* Work order *
Beginning with the line below that contains "Sculptform Design Studio" and ending with the line that contains "nike LV8 air", copy every line exactly. Copy nothing else.
#### Records supplied ####
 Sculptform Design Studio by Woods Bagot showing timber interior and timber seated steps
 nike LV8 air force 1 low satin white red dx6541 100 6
####
#### Records supplied ####
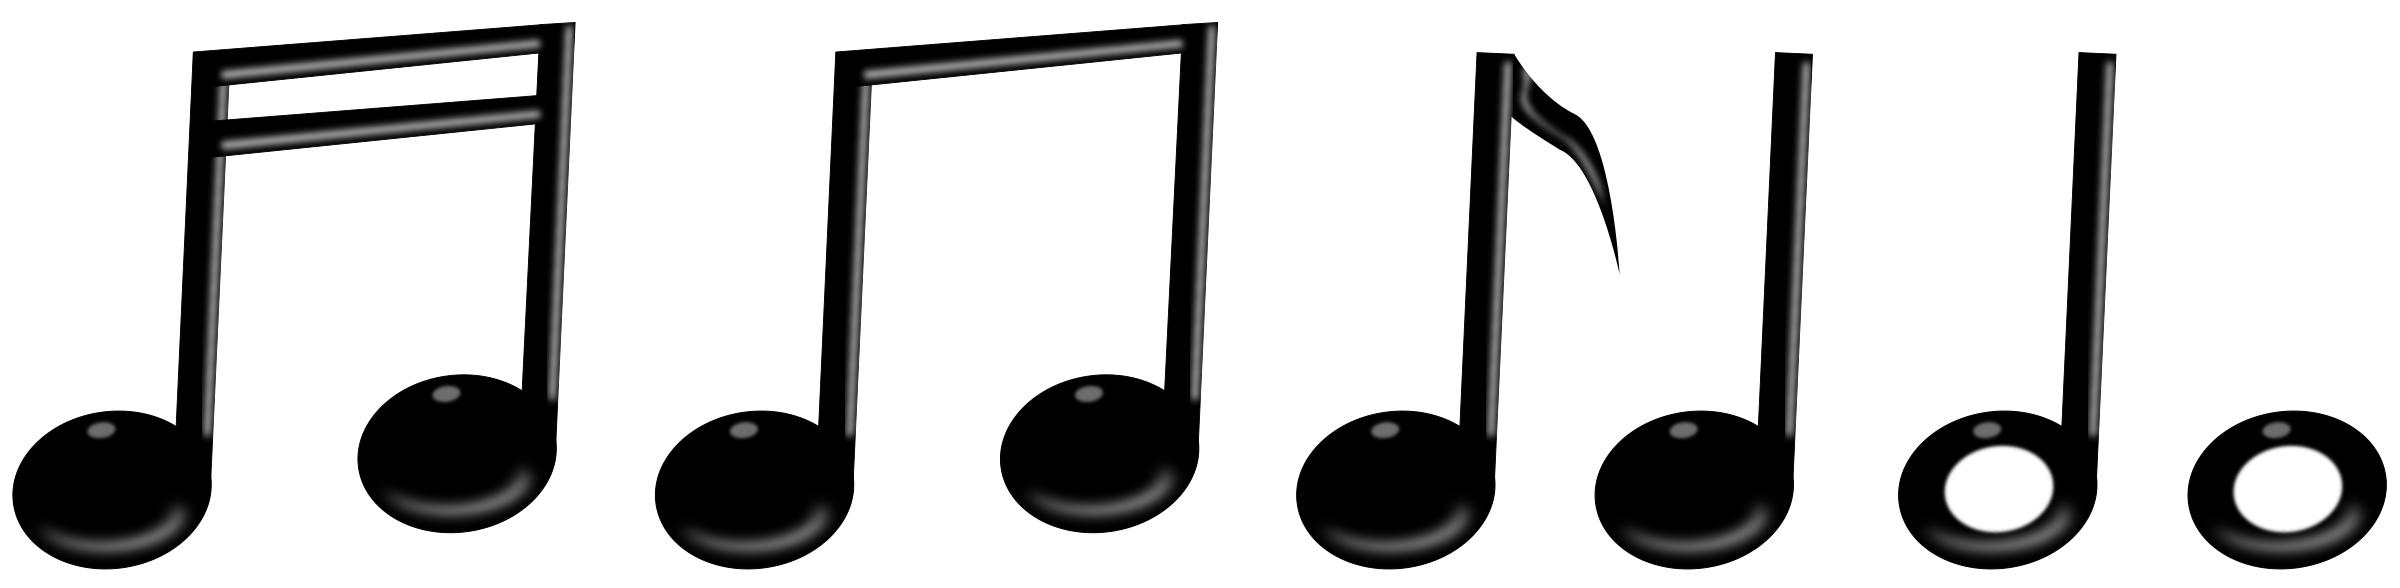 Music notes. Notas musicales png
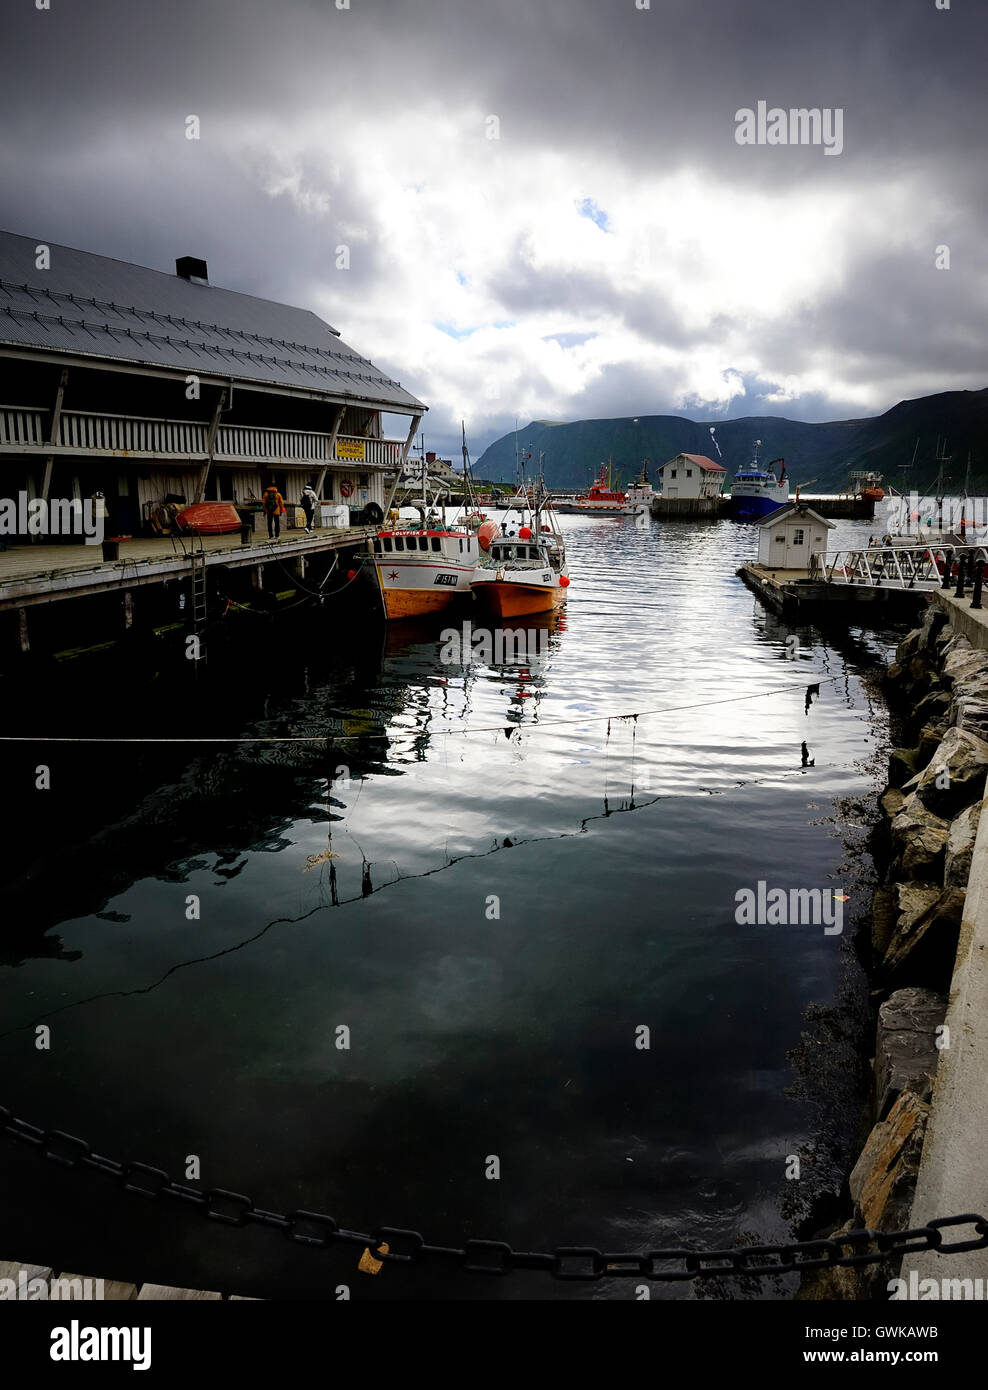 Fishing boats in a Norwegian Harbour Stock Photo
####
#### Records supplied ####
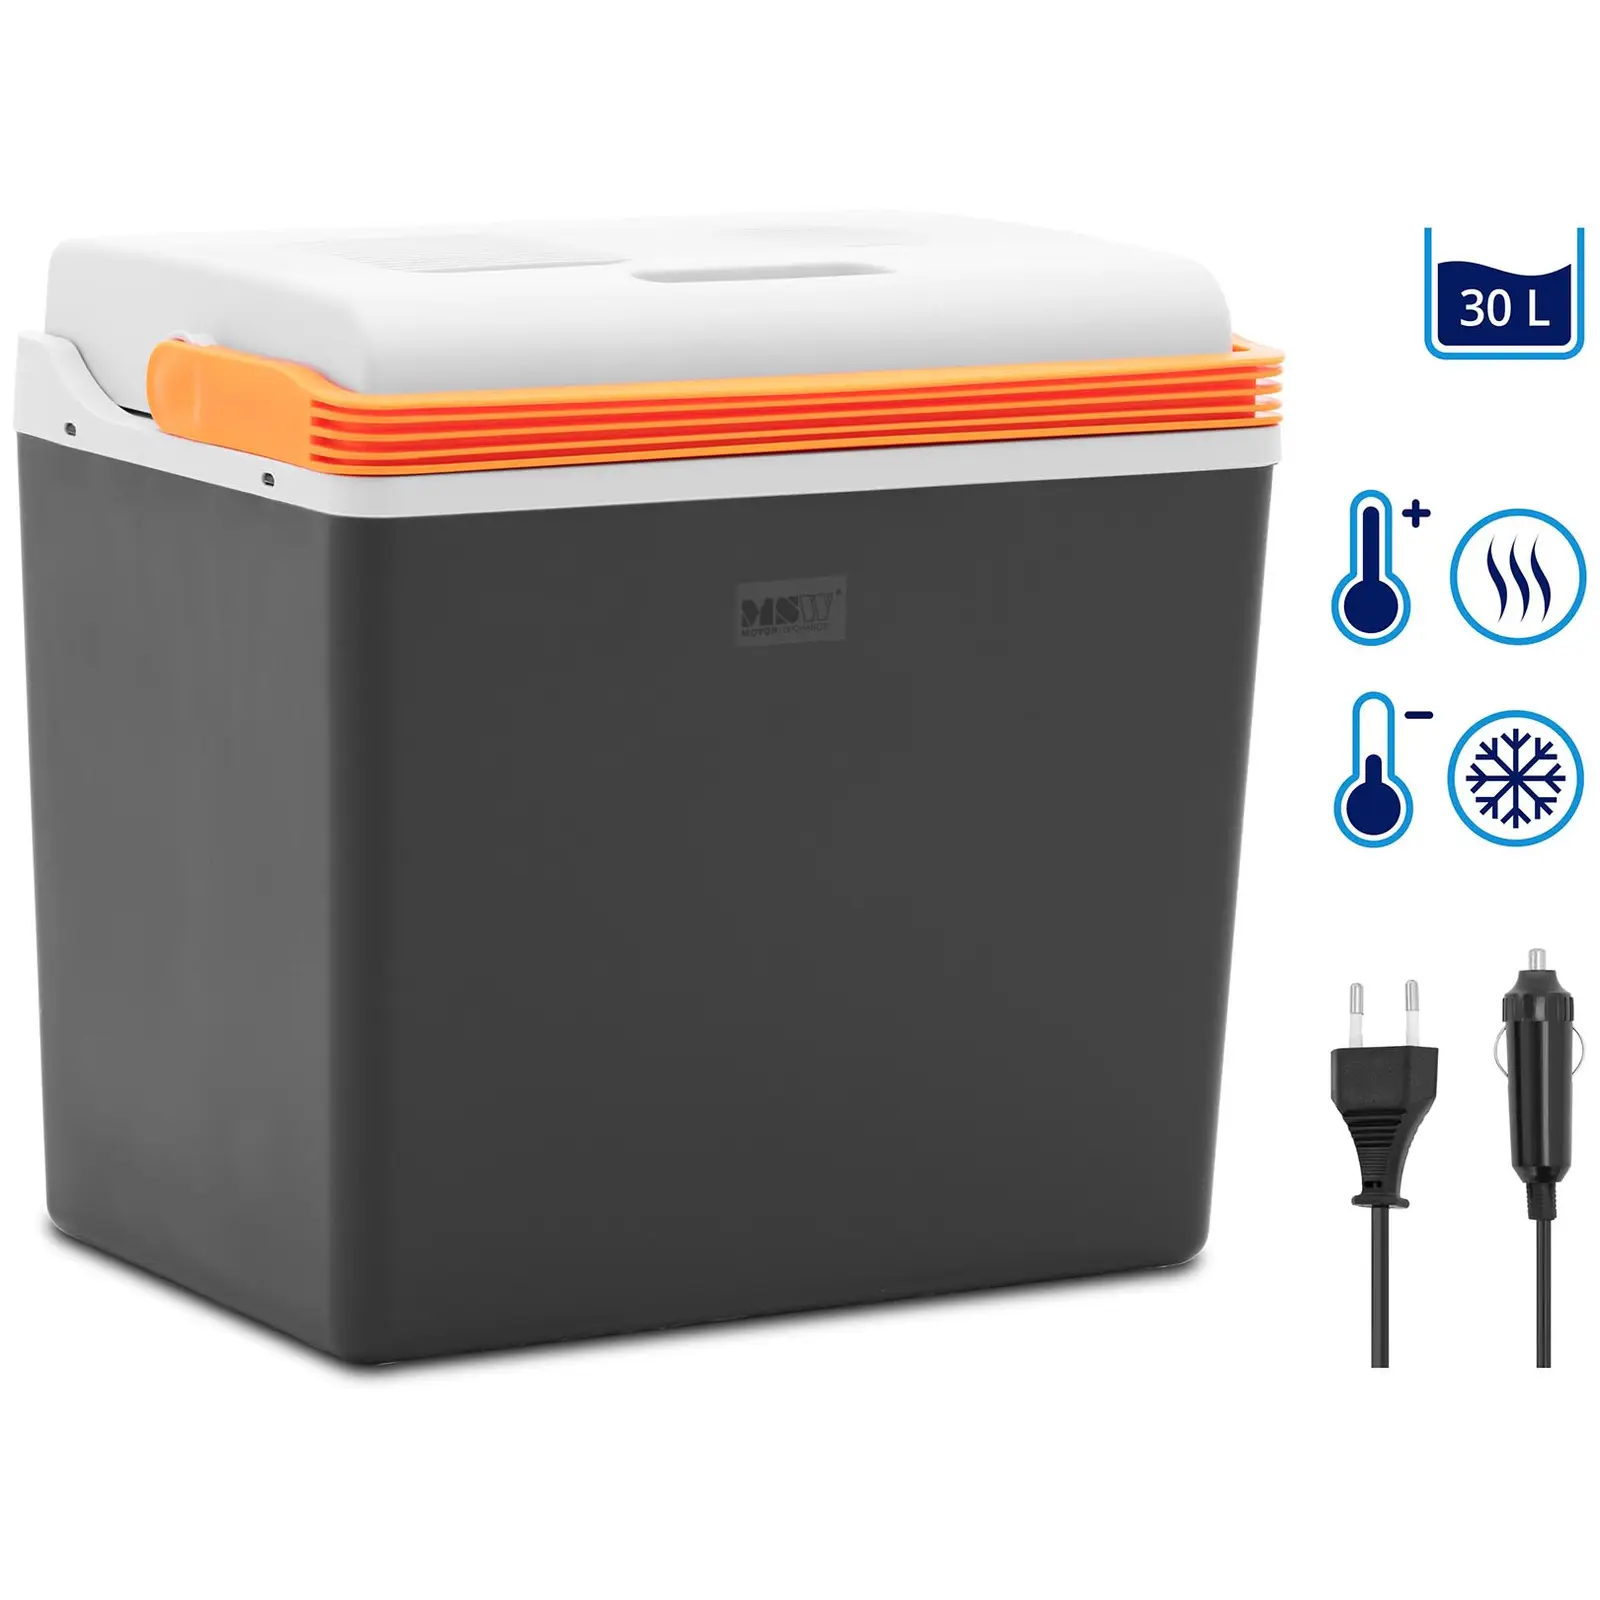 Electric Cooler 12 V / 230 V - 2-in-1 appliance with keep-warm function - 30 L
####
* Reply *
 Sculptform Design Studio by Woods Bagot showing timber interior and timber seated steps
 nike LV8 air force 1 low satin white red dx6541 100 6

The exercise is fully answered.